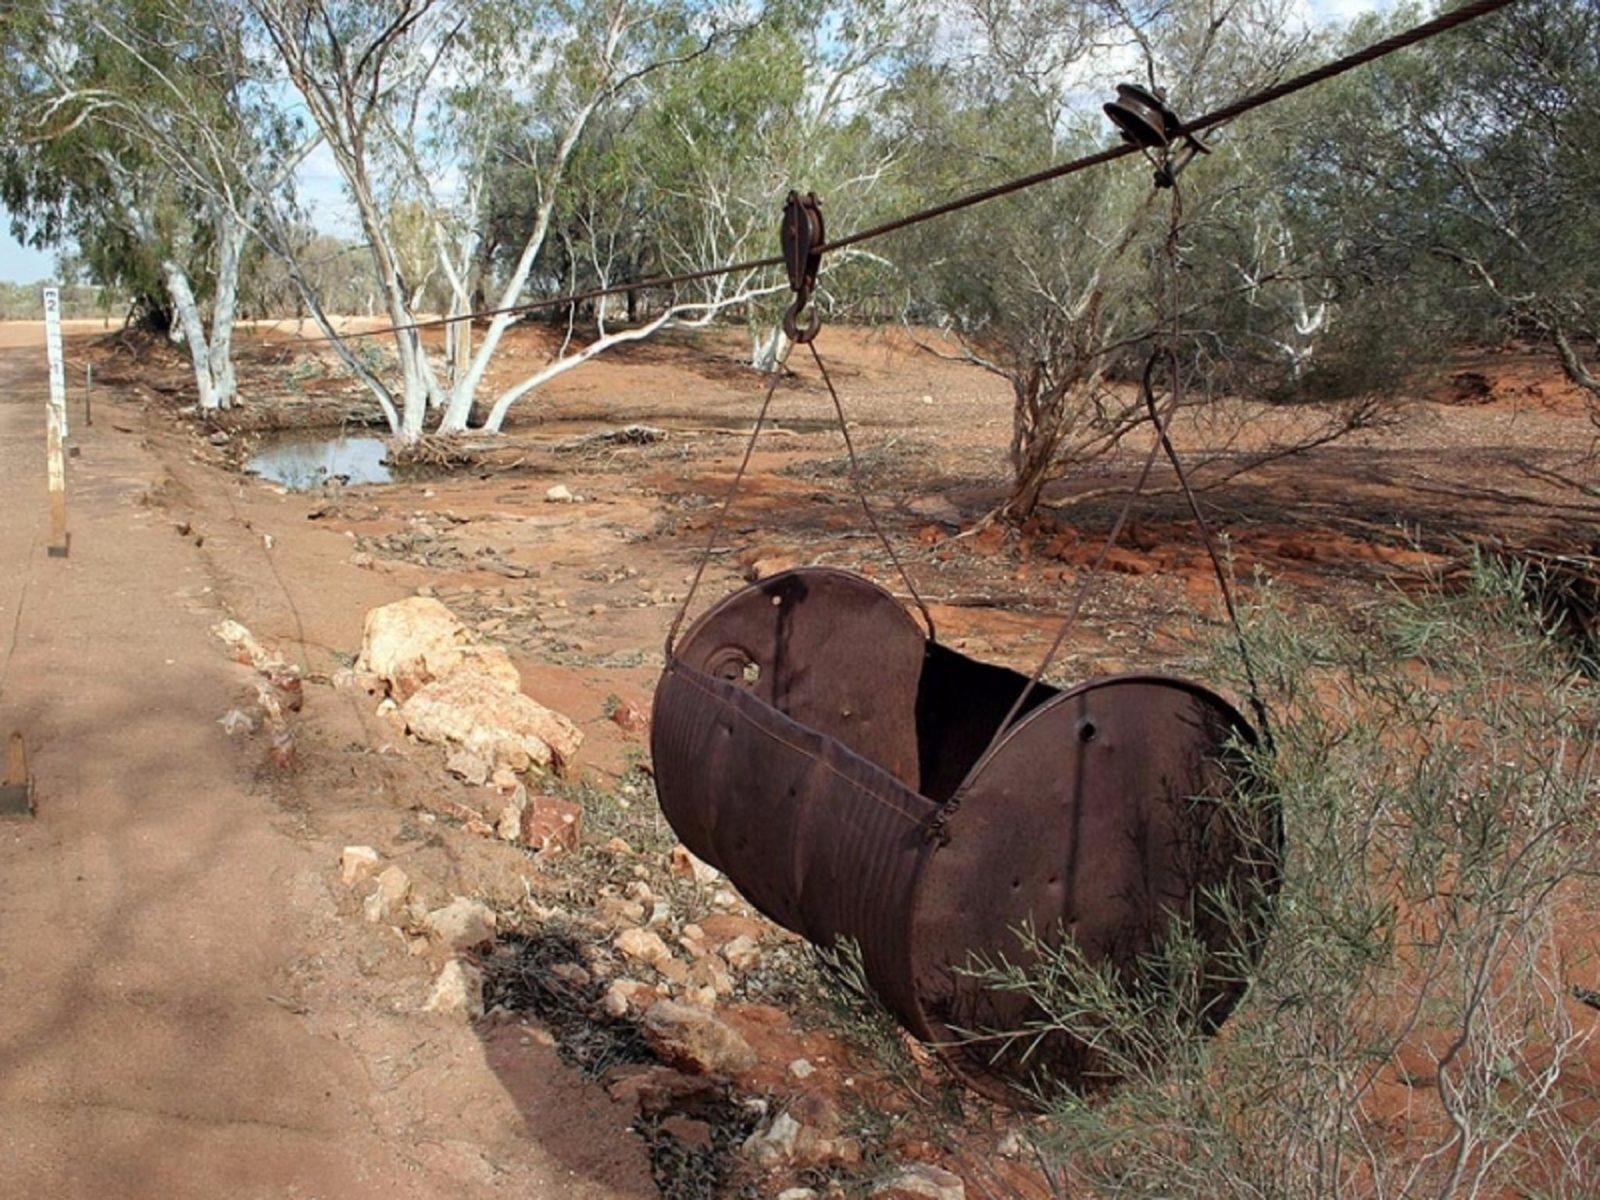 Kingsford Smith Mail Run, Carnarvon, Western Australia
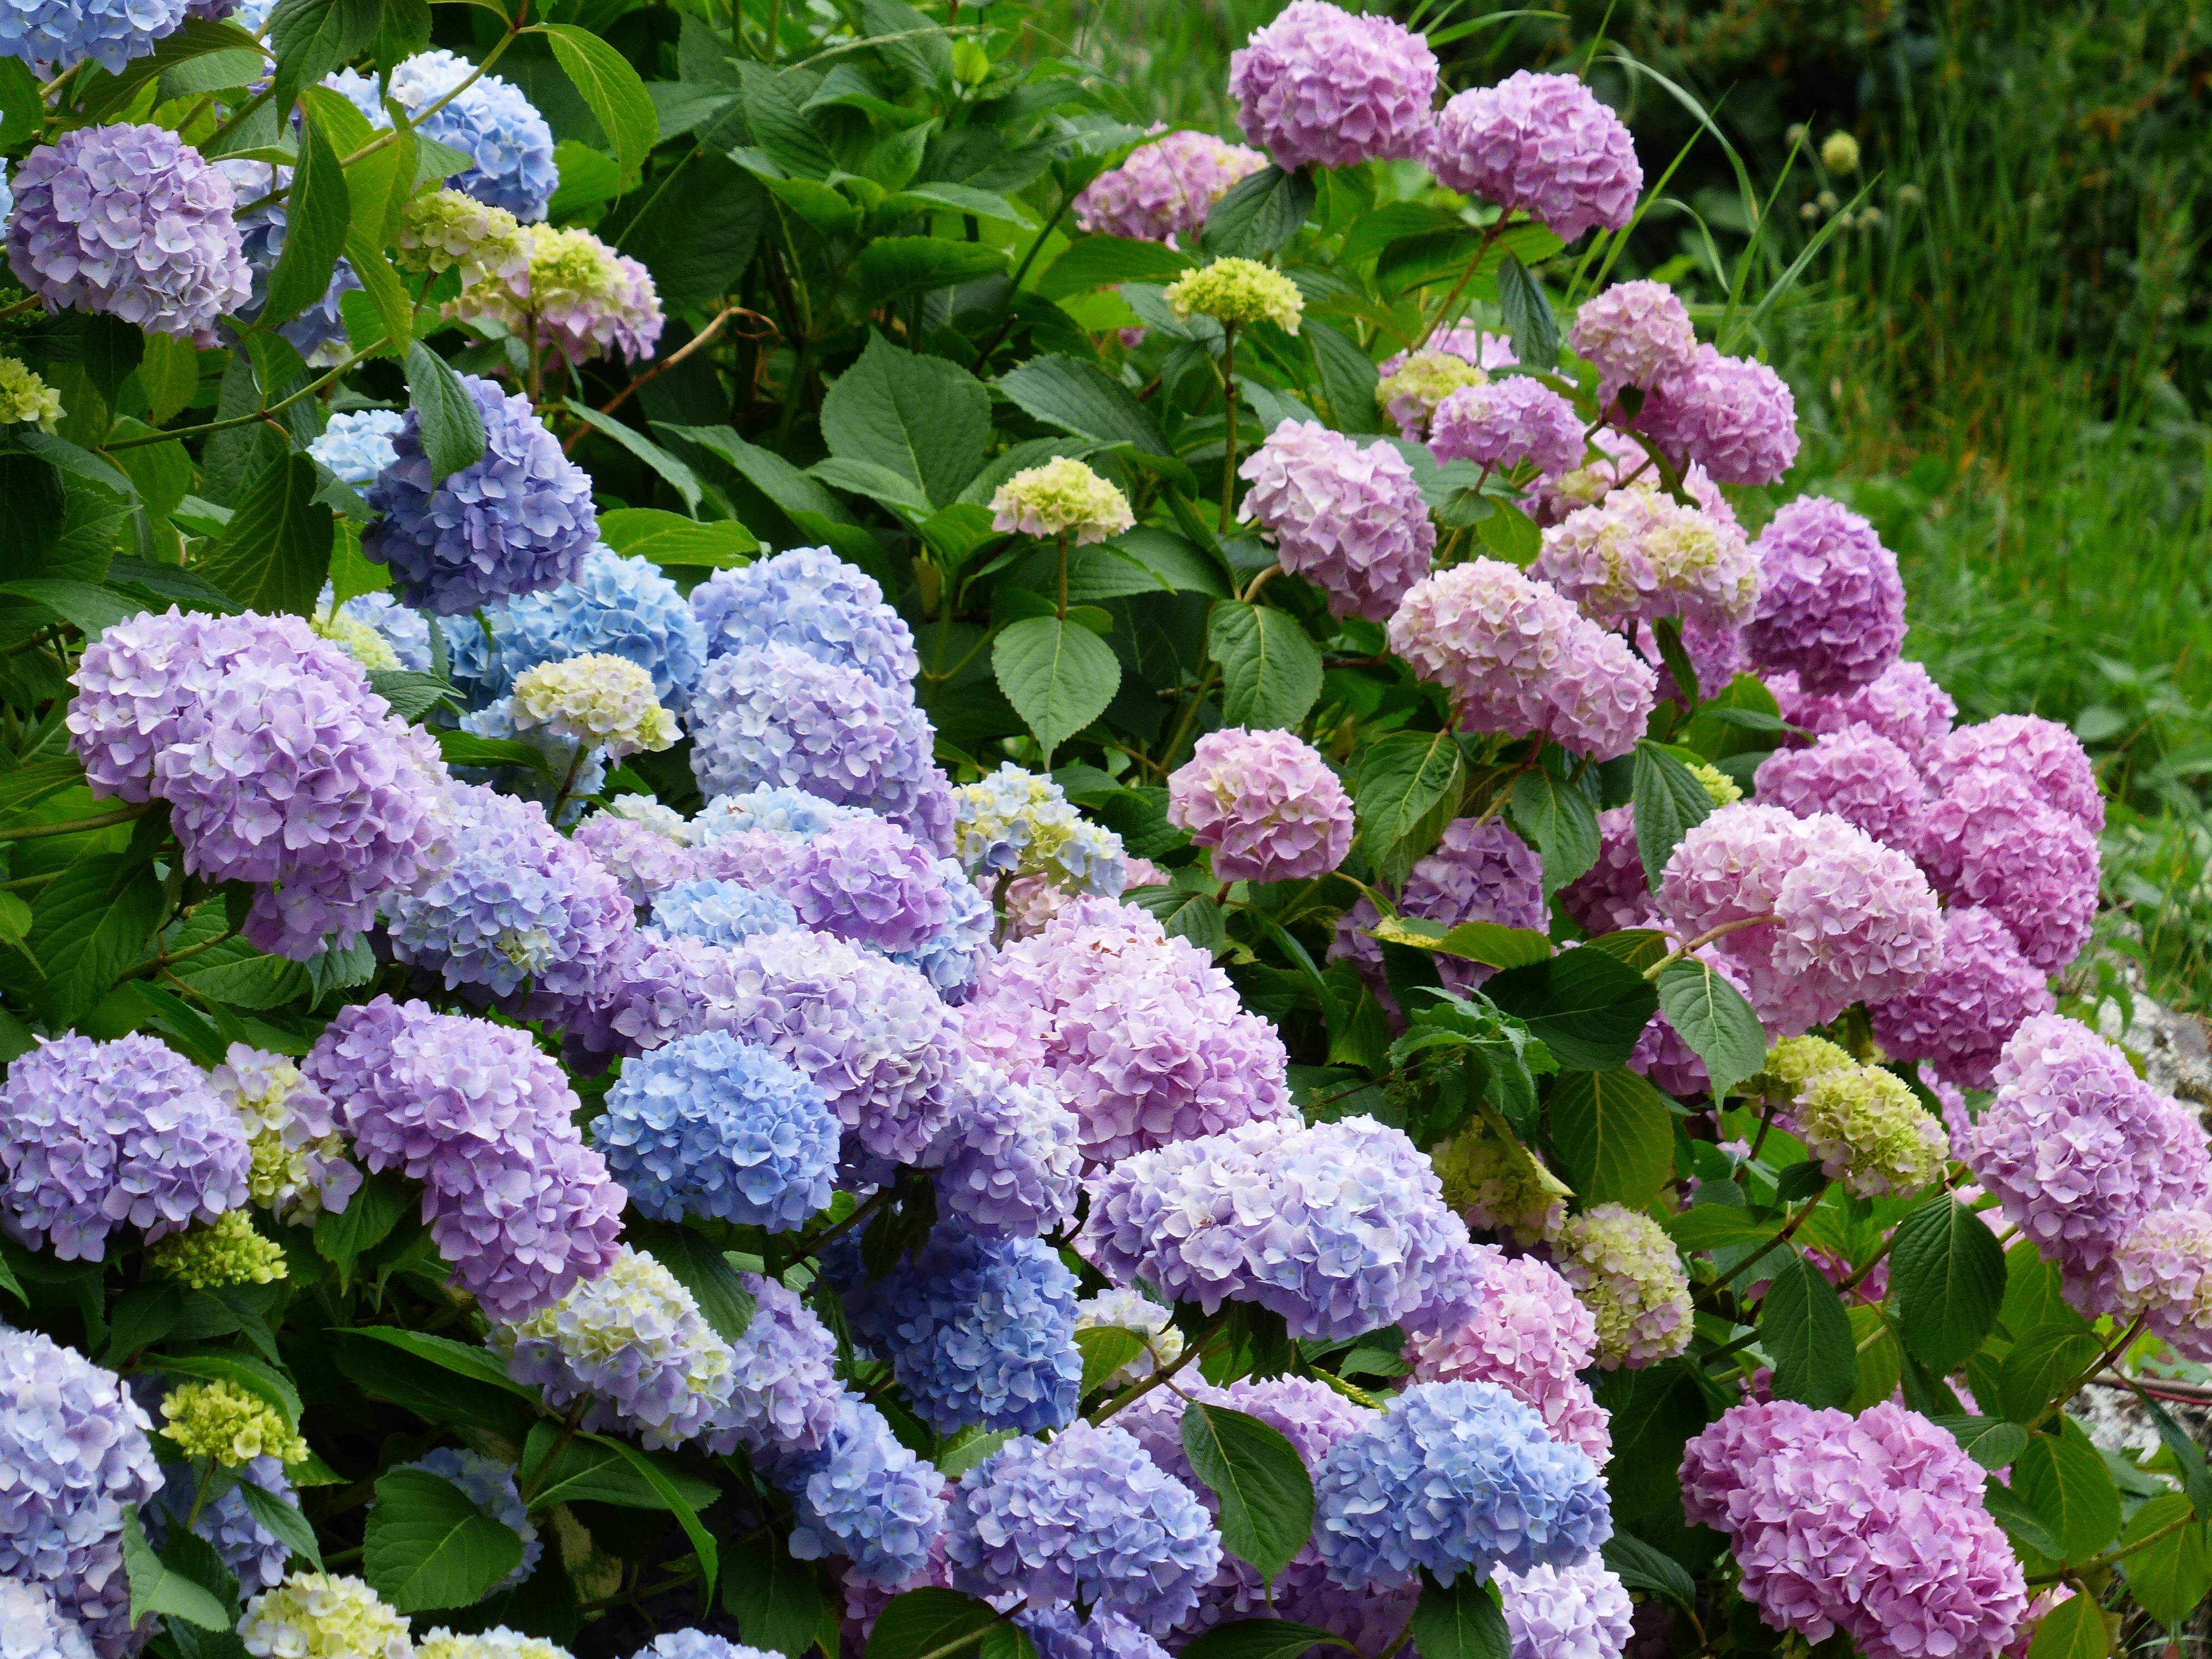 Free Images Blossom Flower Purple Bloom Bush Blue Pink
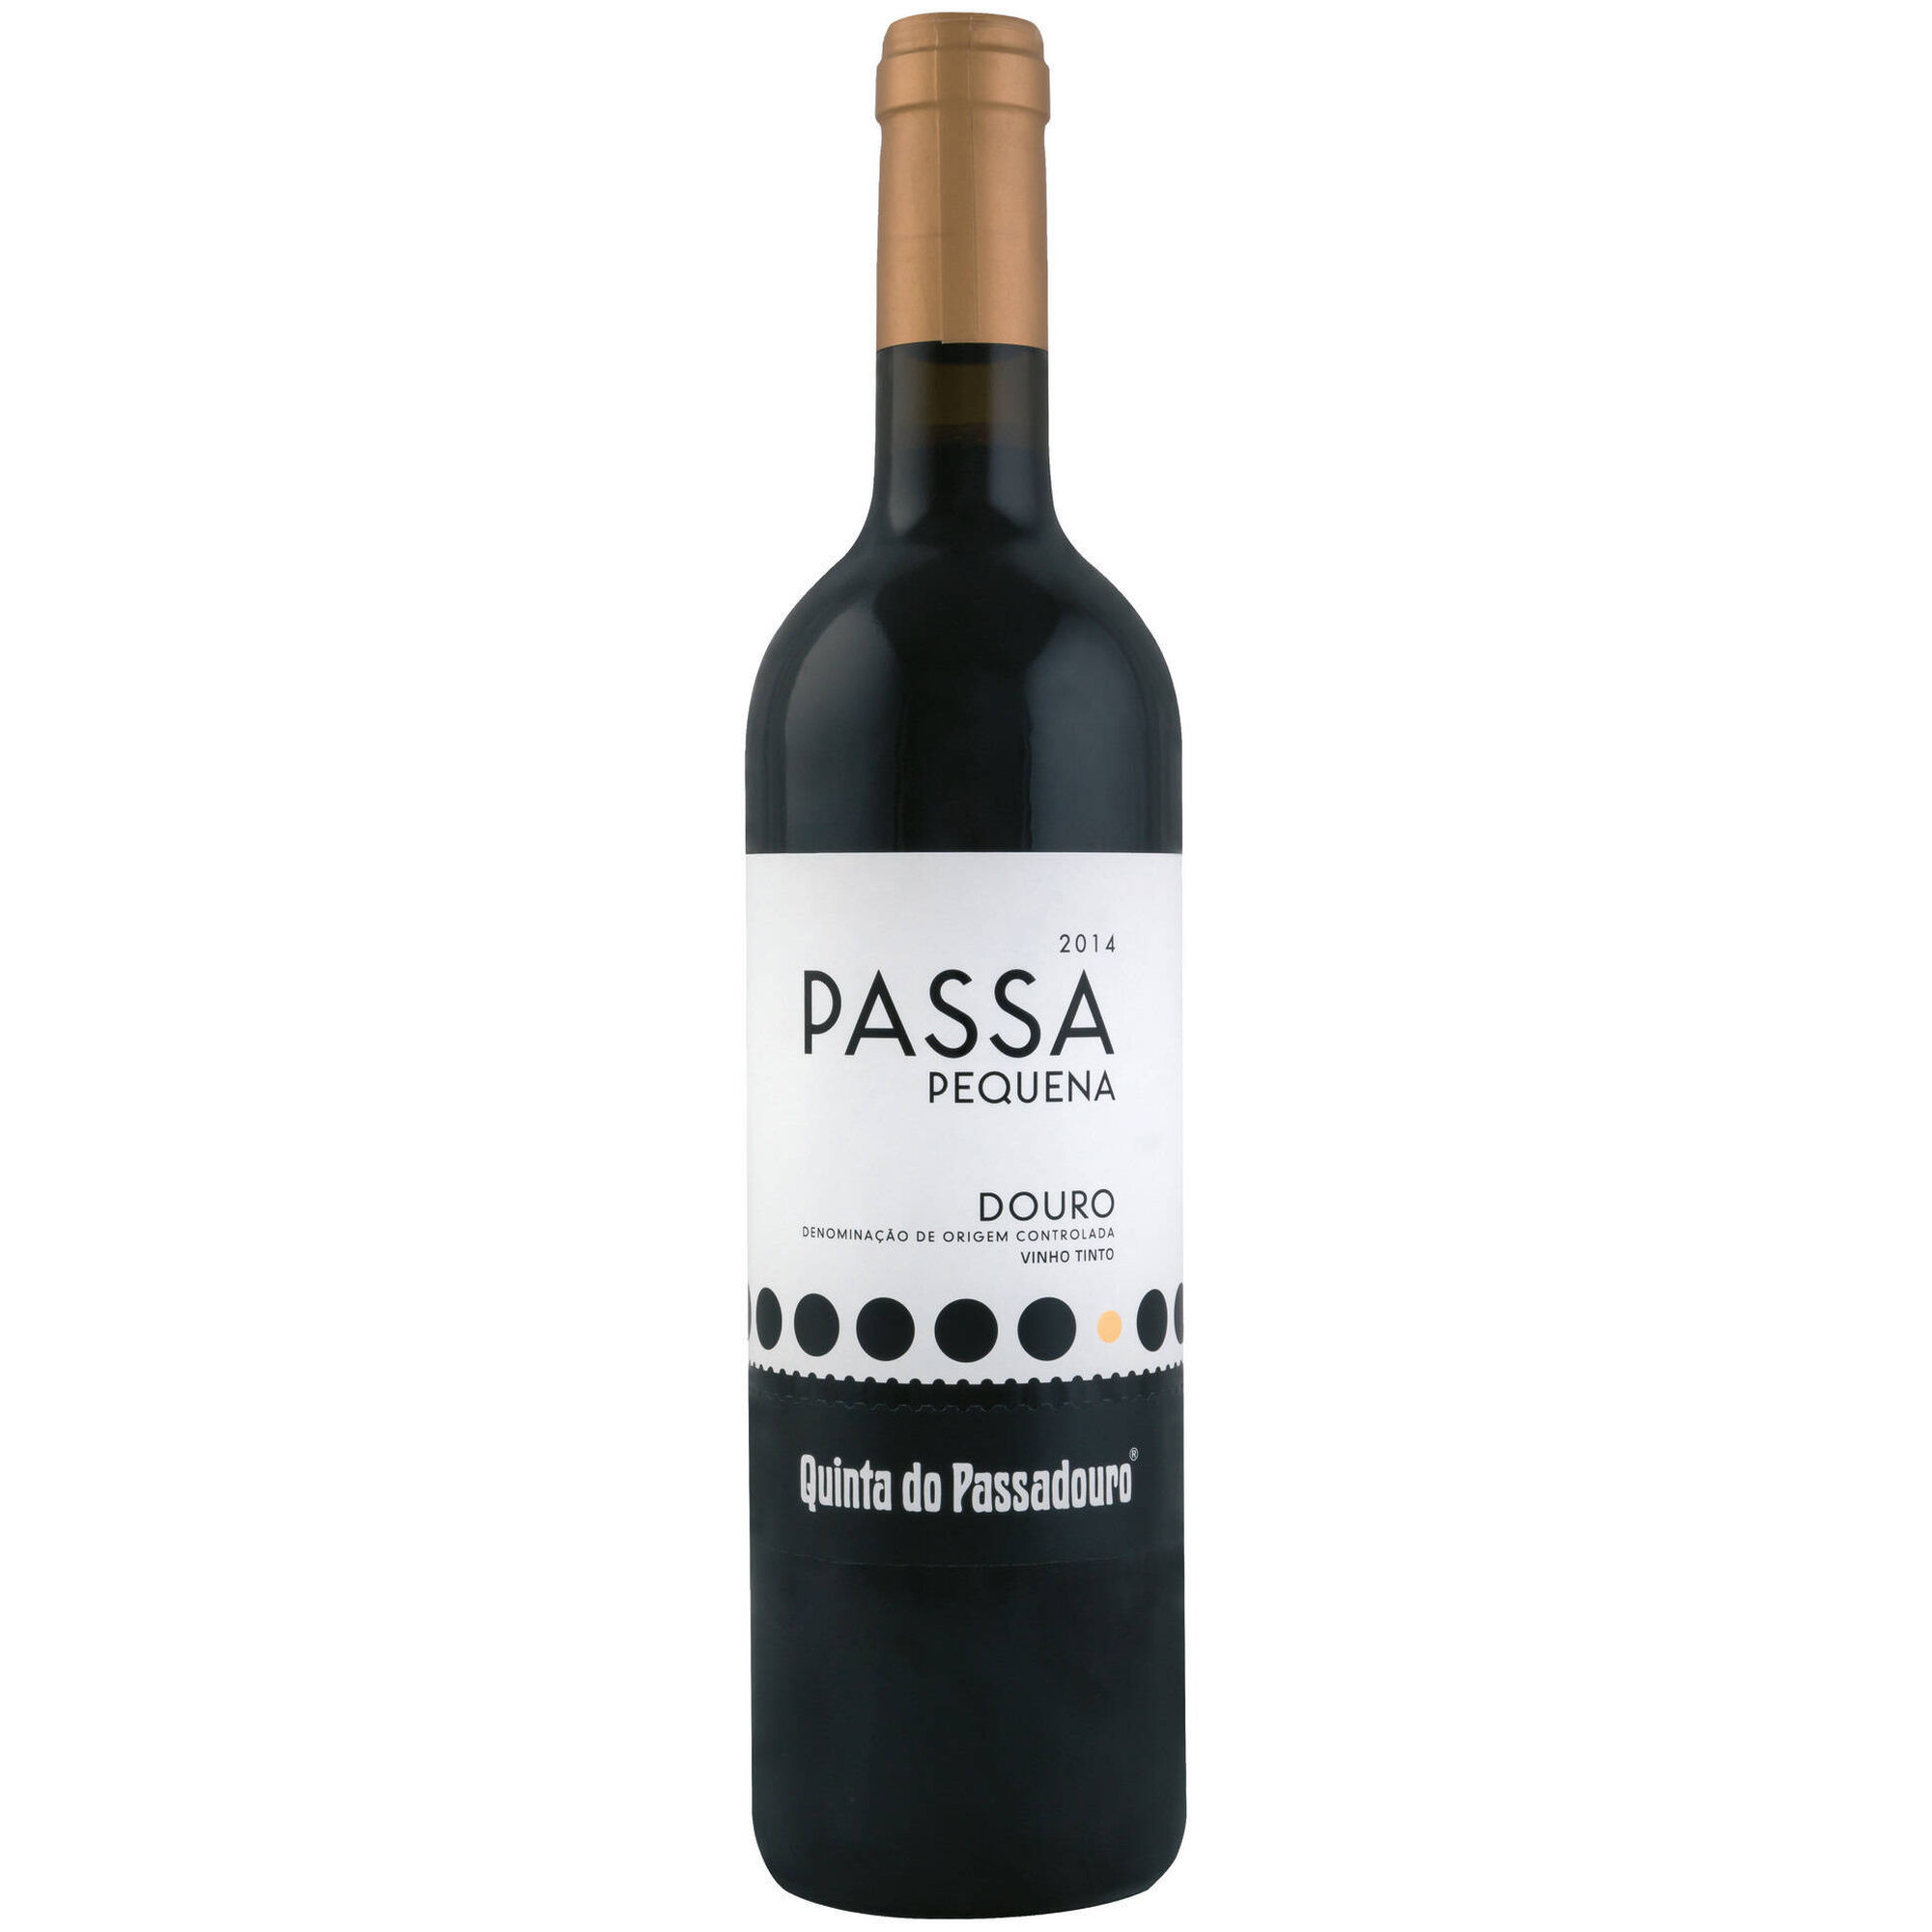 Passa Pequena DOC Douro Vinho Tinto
━━━
Your task: Reproduce the data exactly, please, and omit its pictures.

Expected answer:
 Kingsford Smith Mail Run, Carnarvon, Western Australia
 Free Images Blossom Flower Purple Bloom Bush Blue Pink
 Passa Pequena DOC Douro Vinho Tinto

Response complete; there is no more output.